Fallout from Lott
The Post and Courier (Charleston, S.C.) today devoted 36 column inches (page 12A) to criticizing former President Bill Clinton for calling Republican criticism of Sen. Lott’s comments “pretty hypocritical.” Mr. Clinton told CNN Mr. Lott “embarrassed them (Republicans) by saying in Washington what they do on the back roads every day.”
On the following page (13A), in the same paper, The Post & Courier gave The Rev. Joseph A. Darby, an African-American minister and first vice president of the South Carolina state conference of branches of the NAACP, thirty column inches to say the same things Mr. Clinton said. Examples: Mr. Lott’s “(H)ead, however, told him he was at a party among friends of like mind where he could speak freely and be himself. His head failed to remind him that cameras were rolling.” And, “The Trent Lott story reminded me of something related to me by an influential and outraged friend who happens to be white. Almost a year before the recent Charleston County School Board elections, he told me of a discussion among other influential ‘friends’ at a social event on what to do about the ‘coons running the school board.’”

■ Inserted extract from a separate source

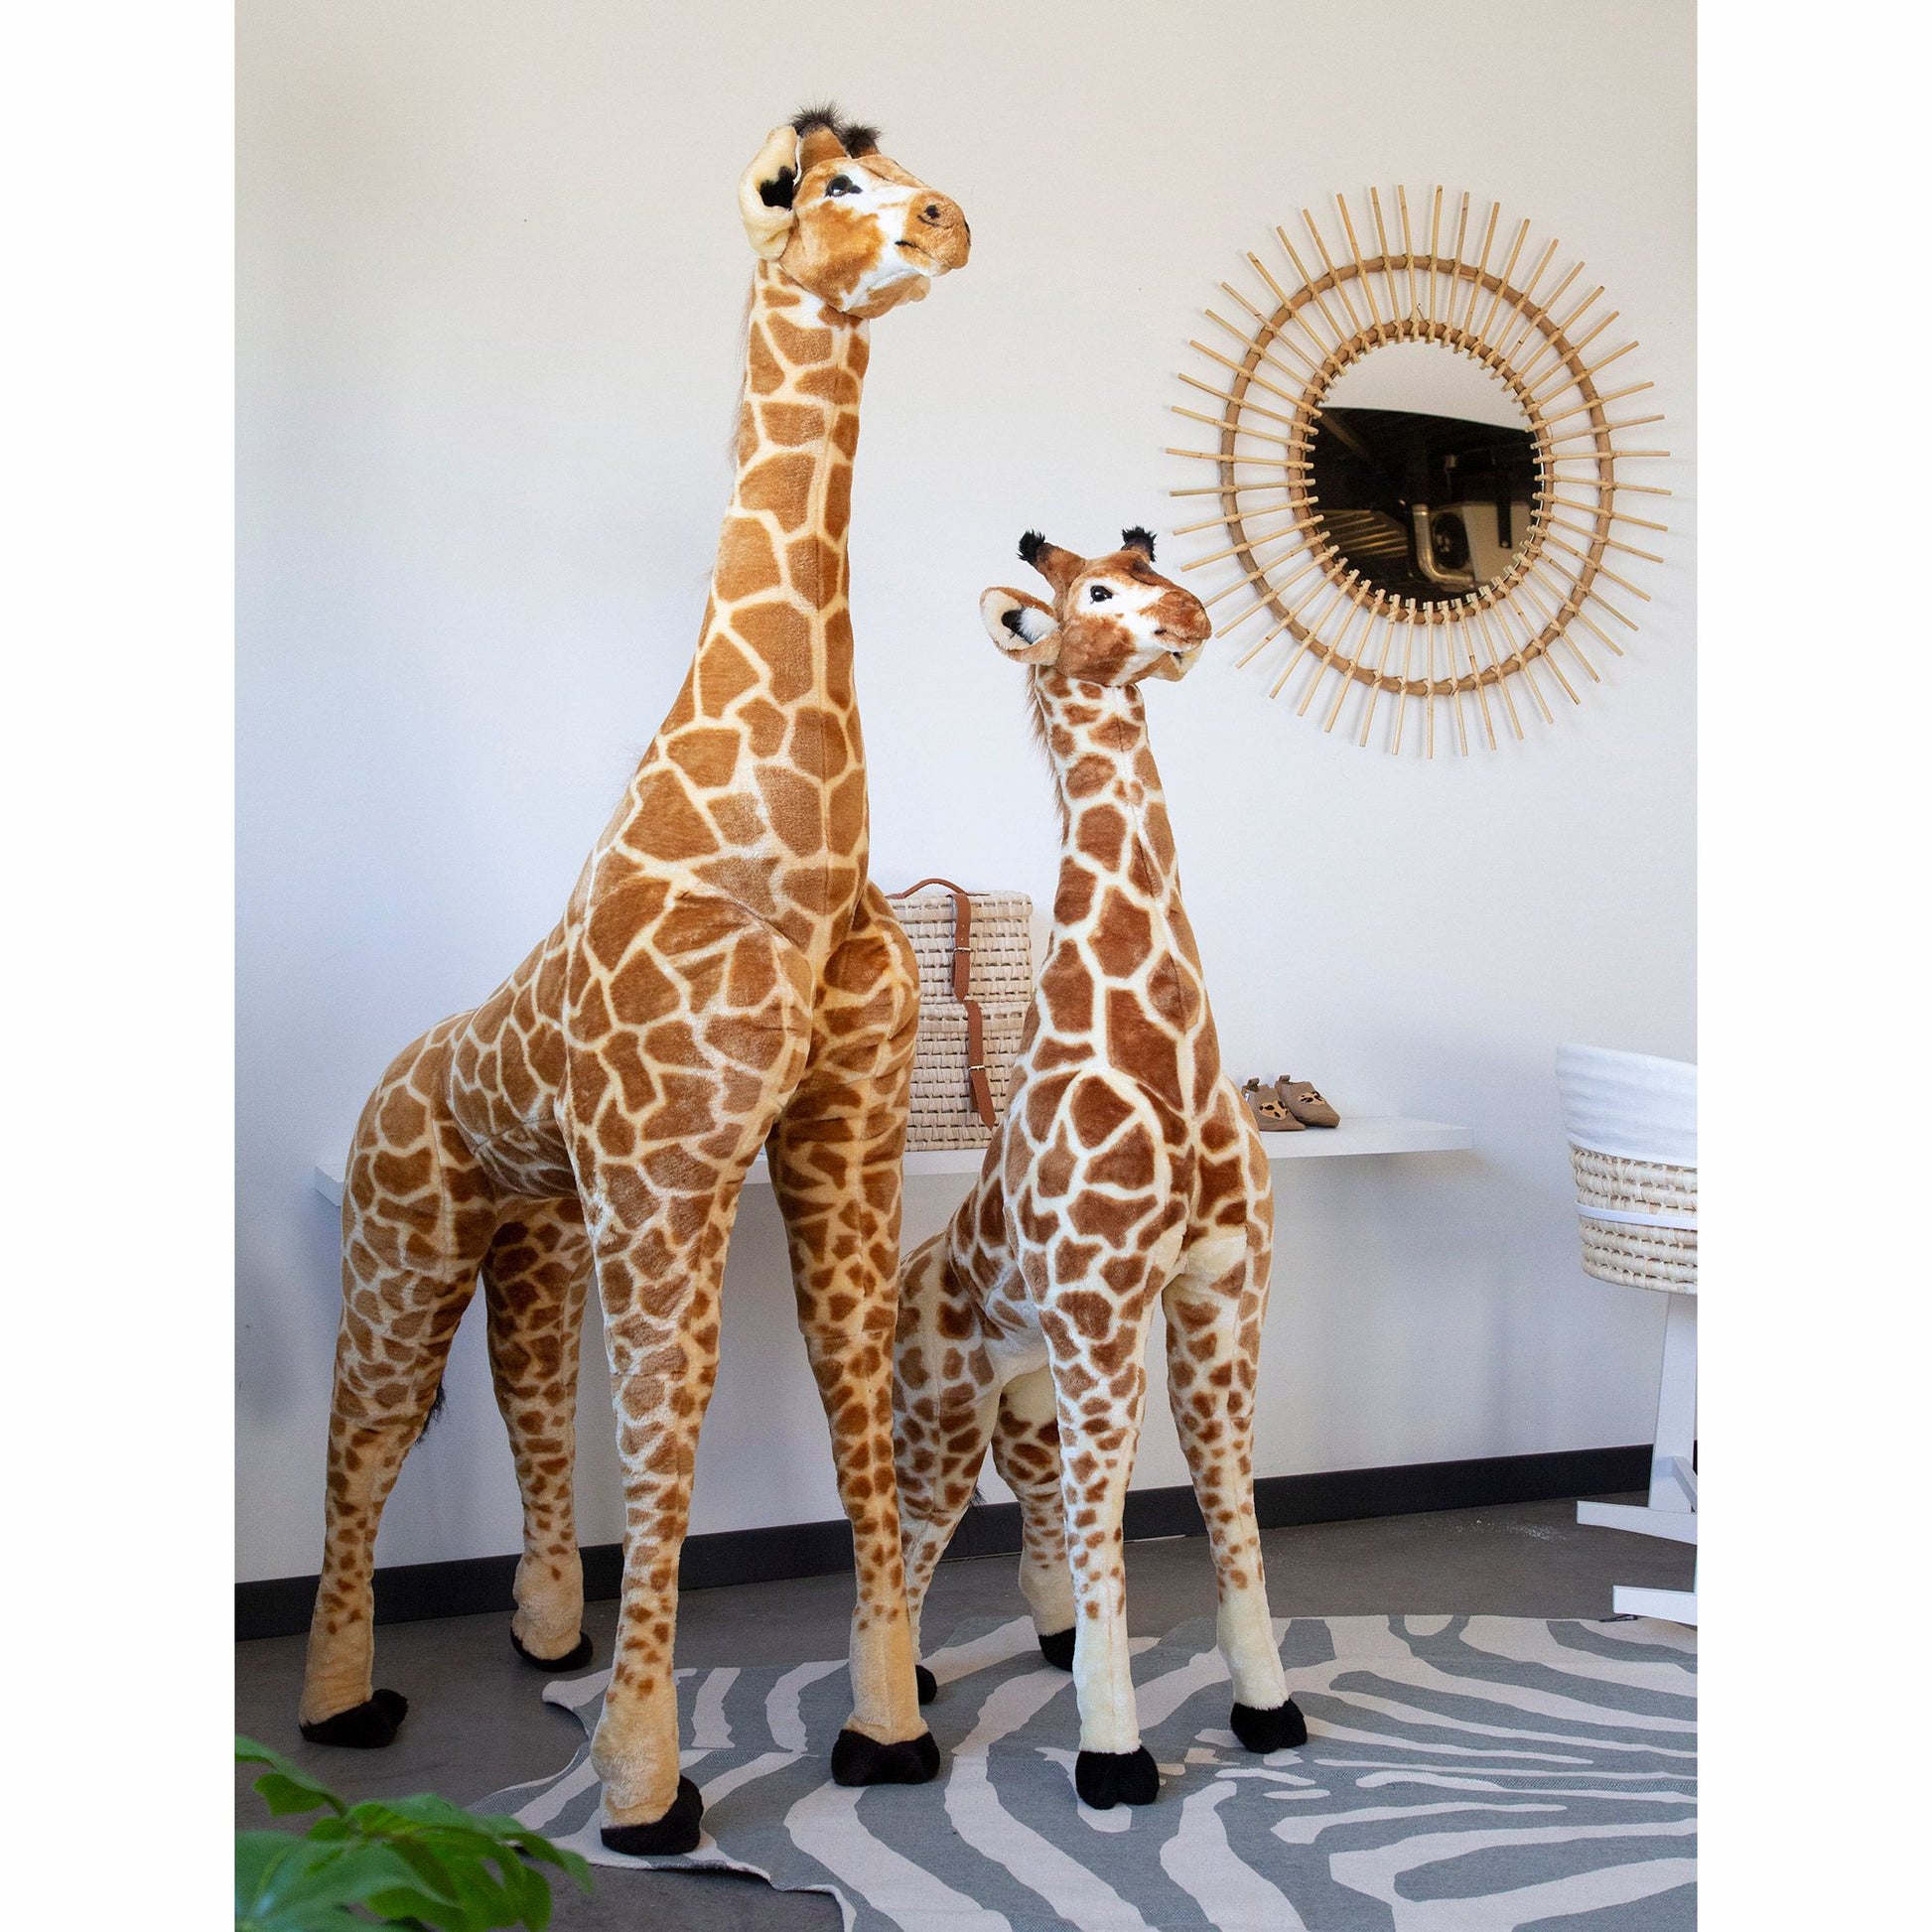 Childhome Standing Giraffe - Small

On the front page, The Post and Courier carried a story about Kwadjo Campbell, an African-American Charleston city councilman, declaring his intention to join the Republican Party next month. He is going to talk more about his decision sometime around the Martin Luther King, Jr. holiday. Campbell originally ran for office as a Democrat, although in the latest election the council seats were on a non-partisan basis. Campbell's intended defection ought to raise the intellectual level of both parties.